AN INDECIPHERABLE DEBATE? AN OVERVIEW OF OPPOSING PERSPECTIVES AND THE SEARCH FOR A COHERENT REGULATORY SCHEME FOR THE REPROCESSING AND REUSE OF SINGLE-USE MEDICAL DEVICES

Abstract

Caught in the middle of this controversy, the FDA has struggled for only the past few years to devise a conclusive regulatory strategy for medical device reuse. Many critics claim, however, that this action by the FDA comes too little and too late. Indeed, one angry journalist has said of the FDA: "Acting more like a lookout than a law enforcer, the Food and Drug Administration has spent the past 22 years standing aside as hundreds - perhaps thousands - of hospitals have begun reusing disposable medical devices, even though such devices have been bathed in blood, and even though the instruments carry warnings against the practice." Not wishing to rush to judgment like these and other impassioned consumer groups, though, the FDA has chosen to proceed cautiously thus far, seeking first to discern and articulate the many discordant views in this debate before formulating a final guidance rule.
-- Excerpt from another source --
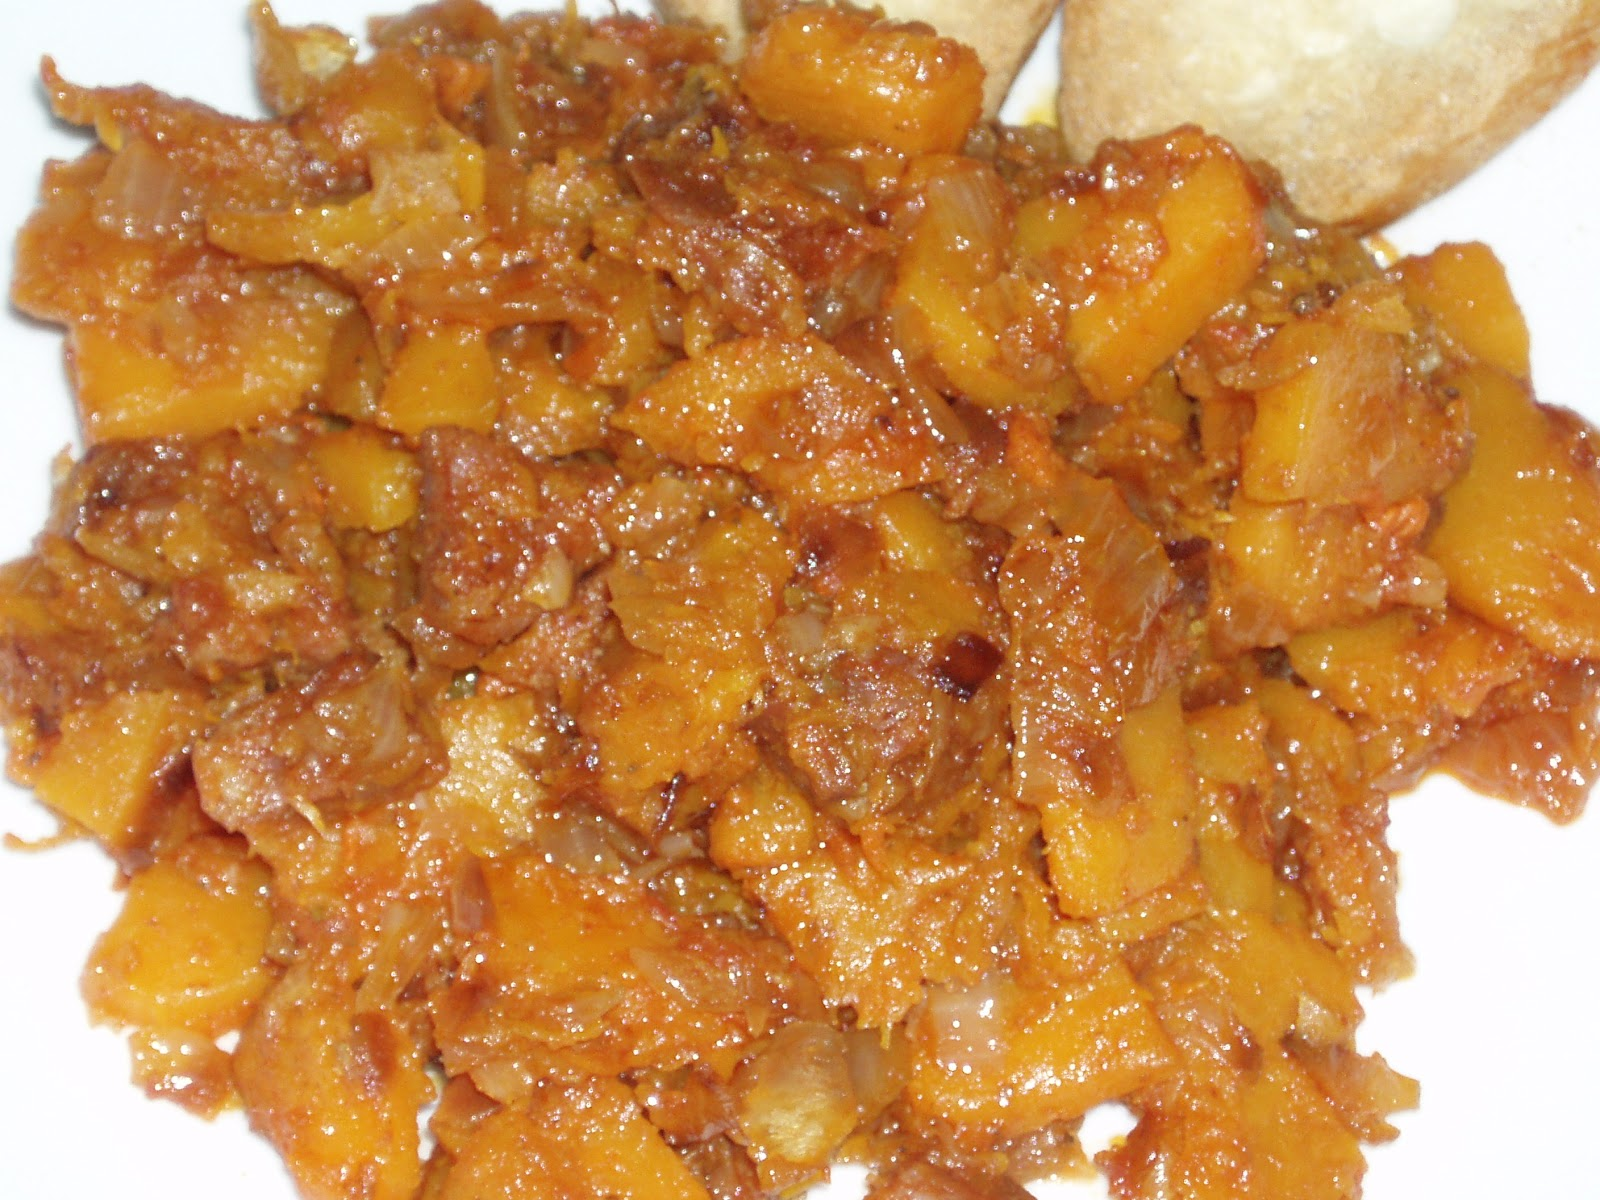 Al alim n calabaza frita for Calabaza frita

This paper will explore, in turn, the many different perspectives inherent in the dispute over medical device reuse: the patient and consumer perspective; the health care provider perspective; the device manufacturer perspective; and also, the perspective of a new industry player, the third-party medical device reprocessor. It will then proceed to review the brief history of FDA regulation of medical device reuse from its outset to the current day. Finally, it will conclude with recommendations for additional measures the FDA ought to consider in arriving at an ultimate regulatory scheme.